**Task objective**.
Match on the string "Grey" in the entries below and return every matching line.

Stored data
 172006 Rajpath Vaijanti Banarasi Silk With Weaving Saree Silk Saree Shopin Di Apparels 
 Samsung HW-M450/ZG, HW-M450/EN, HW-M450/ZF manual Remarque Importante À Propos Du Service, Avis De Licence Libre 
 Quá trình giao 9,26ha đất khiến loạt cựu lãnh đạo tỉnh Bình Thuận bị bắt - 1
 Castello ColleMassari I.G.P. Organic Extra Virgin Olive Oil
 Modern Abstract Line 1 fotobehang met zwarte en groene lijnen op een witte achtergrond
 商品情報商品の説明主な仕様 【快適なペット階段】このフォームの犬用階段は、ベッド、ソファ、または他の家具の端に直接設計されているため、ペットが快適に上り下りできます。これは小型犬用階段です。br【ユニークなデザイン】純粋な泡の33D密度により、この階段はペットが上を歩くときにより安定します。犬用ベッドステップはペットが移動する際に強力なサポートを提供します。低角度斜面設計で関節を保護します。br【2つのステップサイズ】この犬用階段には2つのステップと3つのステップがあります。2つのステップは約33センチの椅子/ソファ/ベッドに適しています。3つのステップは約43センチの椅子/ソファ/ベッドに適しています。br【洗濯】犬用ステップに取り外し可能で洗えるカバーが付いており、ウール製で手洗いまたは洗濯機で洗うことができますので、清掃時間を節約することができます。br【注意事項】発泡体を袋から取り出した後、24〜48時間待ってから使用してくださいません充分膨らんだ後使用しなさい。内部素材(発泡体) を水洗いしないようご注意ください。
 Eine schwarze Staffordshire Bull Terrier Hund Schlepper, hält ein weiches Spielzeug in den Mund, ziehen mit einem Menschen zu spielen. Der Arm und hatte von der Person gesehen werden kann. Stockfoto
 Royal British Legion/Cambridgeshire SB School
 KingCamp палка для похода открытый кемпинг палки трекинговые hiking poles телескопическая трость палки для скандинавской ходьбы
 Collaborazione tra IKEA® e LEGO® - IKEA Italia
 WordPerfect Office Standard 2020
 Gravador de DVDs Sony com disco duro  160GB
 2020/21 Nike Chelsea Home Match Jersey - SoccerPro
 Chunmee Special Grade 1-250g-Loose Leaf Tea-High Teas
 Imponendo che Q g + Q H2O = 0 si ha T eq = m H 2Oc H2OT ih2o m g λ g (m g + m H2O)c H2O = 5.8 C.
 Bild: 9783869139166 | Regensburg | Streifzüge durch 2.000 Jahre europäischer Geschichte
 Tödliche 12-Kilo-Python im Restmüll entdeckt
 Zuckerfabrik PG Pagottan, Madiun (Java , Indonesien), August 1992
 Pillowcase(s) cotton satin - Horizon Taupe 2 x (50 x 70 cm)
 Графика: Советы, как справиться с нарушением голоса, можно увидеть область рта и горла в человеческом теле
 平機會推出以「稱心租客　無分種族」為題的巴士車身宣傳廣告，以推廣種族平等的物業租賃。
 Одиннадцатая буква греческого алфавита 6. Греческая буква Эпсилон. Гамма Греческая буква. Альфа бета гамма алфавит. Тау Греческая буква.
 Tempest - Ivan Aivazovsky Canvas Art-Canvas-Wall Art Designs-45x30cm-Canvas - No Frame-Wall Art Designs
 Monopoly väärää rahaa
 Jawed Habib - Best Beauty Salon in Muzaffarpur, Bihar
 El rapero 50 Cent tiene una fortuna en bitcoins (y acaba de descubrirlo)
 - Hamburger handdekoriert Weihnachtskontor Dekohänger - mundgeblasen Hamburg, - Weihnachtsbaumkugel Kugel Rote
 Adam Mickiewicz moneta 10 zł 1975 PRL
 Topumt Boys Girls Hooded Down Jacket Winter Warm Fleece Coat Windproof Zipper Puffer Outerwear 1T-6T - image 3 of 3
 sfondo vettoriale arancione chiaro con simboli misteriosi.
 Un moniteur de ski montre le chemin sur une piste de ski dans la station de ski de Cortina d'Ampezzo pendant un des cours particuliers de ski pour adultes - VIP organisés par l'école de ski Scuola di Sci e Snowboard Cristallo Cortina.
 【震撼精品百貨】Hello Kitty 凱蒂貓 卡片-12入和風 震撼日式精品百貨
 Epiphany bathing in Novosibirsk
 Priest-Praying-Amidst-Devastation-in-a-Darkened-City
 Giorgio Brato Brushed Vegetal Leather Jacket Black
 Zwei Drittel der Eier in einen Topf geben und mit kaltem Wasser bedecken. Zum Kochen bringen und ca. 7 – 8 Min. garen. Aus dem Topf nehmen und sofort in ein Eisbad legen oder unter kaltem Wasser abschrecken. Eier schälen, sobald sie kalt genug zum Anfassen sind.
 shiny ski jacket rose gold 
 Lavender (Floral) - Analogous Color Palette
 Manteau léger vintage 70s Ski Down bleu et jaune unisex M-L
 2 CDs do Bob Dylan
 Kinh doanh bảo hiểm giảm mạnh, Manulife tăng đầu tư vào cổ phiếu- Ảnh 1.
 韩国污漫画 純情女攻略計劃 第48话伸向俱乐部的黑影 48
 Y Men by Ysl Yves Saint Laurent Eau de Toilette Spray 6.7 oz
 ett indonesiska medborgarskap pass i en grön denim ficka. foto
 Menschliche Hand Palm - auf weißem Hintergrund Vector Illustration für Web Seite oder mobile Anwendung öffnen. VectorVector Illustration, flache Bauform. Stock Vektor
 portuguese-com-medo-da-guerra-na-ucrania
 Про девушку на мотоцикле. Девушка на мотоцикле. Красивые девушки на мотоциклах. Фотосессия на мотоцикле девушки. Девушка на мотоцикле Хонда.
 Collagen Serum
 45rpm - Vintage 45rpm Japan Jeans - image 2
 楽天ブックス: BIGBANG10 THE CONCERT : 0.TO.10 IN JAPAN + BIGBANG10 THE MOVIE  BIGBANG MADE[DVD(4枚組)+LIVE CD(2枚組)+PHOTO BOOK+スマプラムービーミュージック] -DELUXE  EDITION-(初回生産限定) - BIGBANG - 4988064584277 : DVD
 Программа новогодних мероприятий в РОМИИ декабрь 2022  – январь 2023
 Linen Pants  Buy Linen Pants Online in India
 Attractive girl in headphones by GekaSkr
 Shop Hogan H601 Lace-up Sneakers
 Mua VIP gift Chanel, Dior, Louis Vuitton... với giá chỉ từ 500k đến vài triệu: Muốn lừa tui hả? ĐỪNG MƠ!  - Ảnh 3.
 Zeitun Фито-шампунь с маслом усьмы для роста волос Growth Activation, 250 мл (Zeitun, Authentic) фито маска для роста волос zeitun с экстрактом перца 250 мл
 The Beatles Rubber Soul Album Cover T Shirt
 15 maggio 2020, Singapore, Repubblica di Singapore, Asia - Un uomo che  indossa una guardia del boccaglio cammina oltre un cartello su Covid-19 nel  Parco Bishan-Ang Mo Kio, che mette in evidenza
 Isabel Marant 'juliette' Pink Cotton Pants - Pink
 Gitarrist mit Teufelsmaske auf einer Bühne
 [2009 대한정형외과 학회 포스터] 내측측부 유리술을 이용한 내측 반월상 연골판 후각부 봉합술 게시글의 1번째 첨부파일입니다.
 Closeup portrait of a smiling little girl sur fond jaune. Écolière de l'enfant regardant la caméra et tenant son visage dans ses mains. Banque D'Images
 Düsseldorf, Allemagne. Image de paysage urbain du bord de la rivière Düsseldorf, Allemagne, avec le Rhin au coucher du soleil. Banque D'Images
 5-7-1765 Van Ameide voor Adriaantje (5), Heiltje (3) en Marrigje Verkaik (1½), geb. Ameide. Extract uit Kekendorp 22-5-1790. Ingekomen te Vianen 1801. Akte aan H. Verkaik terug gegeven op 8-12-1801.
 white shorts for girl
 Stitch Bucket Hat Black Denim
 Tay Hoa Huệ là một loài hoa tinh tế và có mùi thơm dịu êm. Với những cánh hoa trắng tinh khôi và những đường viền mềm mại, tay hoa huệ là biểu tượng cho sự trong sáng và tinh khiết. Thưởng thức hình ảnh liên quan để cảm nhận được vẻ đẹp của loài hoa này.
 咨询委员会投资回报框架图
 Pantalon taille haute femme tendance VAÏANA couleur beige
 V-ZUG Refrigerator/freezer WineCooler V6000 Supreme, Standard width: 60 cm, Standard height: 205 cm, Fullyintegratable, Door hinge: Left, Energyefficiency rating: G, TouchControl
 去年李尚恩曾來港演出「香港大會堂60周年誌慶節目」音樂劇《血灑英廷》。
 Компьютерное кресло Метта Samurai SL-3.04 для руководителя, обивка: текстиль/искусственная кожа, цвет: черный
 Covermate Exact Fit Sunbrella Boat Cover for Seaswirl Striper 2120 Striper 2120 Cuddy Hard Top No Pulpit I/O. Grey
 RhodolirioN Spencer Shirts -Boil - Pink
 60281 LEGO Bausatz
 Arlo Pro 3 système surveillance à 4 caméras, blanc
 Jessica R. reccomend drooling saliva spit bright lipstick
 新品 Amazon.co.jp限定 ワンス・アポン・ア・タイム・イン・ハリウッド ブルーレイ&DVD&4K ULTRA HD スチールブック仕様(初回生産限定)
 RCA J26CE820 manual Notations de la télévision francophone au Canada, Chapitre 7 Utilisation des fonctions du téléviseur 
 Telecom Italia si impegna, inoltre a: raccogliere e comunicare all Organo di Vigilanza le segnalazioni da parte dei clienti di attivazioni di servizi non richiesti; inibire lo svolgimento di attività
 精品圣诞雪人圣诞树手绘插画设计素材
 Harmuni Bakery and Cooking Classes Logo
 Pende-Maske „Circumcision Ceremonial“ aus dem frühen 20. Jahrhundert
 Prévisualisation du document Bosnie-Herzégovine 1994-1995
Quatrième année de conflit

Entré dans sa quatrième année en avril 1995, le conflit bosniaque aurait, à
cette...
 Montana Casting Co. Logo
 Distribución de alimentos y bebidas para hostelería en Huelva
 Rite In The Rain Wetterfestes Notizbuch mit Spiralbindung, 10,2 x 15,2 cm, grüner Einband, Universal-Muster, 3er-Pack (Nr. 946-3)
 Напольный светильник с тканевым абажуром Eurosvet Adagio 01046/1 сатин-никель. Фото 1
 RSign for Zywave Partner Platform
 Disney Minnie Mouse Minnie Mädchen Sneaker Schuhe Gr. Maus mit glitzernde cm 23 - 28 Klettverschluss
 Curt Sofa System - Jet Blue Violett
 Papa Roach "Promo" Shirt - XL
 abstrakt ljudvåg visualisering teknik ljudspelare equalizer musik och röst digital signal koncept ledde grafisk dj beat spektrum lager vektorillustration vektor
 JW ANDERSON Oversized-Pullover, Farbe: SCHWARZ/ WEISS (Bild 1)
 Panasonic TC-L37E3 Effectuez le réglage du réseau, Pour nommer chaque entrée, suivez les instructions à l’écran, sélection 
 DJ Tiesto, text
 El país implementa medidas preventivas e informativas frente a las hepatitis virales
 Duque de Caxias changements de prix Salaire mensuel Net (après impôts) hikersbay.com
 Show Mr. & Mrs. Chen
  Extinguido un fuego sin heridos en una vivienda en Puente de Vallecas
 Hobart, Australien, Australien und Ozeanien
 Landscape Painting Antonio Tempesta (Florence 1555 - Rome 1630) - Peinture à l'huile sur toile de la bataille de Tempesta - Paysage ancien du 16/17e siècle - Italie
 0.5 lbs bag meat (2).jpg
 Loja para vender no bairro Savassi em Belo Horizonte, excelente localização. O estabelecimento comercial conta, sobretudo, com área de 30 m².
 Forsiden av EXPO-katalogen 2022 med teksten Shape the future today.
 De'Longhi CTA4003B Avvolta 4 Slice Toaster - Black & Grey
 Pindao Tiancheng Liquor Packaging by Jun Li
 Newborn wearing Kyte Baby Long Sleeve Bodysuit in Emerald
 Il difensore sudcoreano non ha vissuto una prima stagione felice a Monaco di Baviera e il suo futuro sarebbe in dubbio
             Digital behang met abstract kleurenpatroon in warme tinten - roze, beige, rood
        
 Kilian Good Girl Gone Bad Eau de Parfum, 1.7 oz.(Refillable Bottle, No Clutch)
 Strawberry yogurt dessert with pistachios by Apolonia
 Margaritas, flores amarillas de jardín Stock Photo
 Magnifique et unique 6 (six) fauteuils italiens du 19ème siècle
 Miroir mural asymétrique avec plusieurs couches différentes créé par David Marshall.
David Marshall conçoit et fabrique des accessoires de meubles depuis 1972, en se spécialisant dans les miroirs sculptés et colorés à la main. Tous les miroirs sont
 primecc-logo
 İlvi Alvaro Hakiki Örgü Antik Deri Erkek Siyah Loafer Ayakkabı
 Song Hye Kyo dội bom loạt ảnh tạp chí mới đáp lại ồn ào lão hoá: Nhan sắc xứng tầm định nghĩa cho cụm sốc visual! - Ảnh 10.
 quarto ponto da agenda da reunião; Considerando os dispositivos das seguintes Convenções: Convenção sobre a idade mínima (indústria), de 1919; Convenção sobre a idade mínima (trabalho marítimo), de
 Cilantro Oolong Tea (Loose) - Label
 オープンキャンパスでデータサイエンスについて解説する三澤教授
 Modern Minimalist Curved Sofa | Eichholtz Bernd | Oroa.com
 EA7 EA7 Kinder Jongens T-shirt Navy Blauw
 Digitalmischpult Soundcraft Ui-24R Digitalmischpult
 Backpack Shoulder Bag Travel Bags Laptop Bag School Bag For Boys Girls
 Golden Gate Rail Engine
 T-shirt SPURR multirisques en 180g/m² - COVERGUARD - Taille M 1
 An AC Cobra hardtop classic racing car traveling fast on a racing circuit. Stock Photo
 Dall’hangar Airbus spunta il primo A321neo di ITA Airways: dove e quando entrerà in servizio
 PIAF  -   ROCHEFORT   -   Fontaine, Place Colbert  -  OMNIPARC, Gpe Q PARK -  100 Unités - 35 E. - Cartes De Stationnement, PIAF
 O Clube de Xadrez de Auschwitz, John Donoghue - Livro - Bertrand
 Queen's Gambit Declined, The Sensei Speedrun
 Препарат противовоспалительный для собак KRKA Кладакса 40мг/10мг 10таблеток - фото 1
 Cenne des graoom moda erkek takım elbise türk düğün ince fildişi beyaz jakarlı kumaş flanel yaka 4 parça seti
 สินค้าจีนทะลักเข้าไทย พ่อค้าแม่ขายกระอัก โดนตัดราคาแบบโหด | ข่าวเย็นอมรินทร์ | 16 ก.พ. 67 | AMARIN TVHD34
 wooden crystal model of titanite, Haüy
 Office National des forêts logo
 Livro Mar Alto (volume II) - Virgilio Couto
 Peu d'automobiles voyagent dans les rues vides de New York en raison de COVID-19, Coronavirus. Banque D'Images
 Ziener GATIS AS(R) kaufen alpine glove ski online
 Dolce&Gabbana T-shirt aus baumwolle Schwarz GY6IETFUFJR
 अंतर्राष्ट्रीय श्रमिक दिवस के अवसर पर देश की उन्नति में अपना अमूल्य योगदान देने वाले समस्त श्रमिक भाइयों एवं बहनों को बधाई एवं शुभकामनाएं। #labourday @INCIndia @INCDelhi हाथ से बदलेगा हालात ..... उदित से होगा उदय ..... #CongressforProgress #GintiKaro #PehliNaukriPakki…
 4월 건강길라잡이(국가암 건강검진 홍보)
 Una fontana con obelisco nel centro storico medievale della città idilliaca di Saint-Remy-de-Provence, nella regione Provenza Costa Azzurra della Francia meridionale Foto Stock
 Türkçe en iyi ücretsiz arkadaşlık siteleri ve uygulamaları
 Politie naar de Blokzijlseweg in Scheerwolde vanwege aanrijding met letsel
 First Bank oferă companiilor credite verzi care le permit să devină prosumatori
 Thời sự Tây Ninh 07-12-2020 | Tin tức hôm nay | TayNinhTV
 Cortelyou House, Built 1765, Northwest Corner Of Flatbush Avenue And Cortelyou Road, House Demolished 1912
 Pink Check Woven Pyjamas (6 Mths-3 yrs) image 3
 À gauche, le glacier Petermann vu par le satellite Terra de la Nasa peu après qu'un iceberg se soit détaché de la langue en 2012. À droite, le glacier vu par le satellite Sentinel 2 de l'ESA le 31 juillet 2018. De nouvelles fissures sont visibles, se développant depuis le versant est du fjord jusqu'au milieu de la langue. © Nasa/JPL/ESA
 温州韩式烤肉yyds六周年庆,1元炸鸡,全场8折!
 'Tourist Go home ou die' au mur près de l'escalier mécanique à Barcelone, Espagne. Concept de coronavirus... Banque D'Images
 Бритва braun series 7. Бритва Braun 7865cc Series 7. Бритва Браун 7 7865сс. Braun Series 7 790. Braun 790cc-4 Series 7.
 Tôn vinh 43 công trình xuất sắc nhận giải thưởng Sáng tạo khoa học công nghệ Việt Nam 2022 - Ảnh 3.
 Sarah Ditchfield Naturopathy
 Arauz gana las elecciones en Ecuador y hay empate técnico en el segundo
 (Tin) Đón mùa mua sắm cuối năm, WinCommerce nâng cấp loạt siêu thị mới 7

**Reply**.
 Covermate Exact Fit Sunbrella Boat Cover for Seaswirl Striper 2120 Striper 2120 Cuddy Hard Top No Pulpit I/O. Grey
 De'Longhi CTA4003B Avvolta 4 Slice Toaster - Black & Grey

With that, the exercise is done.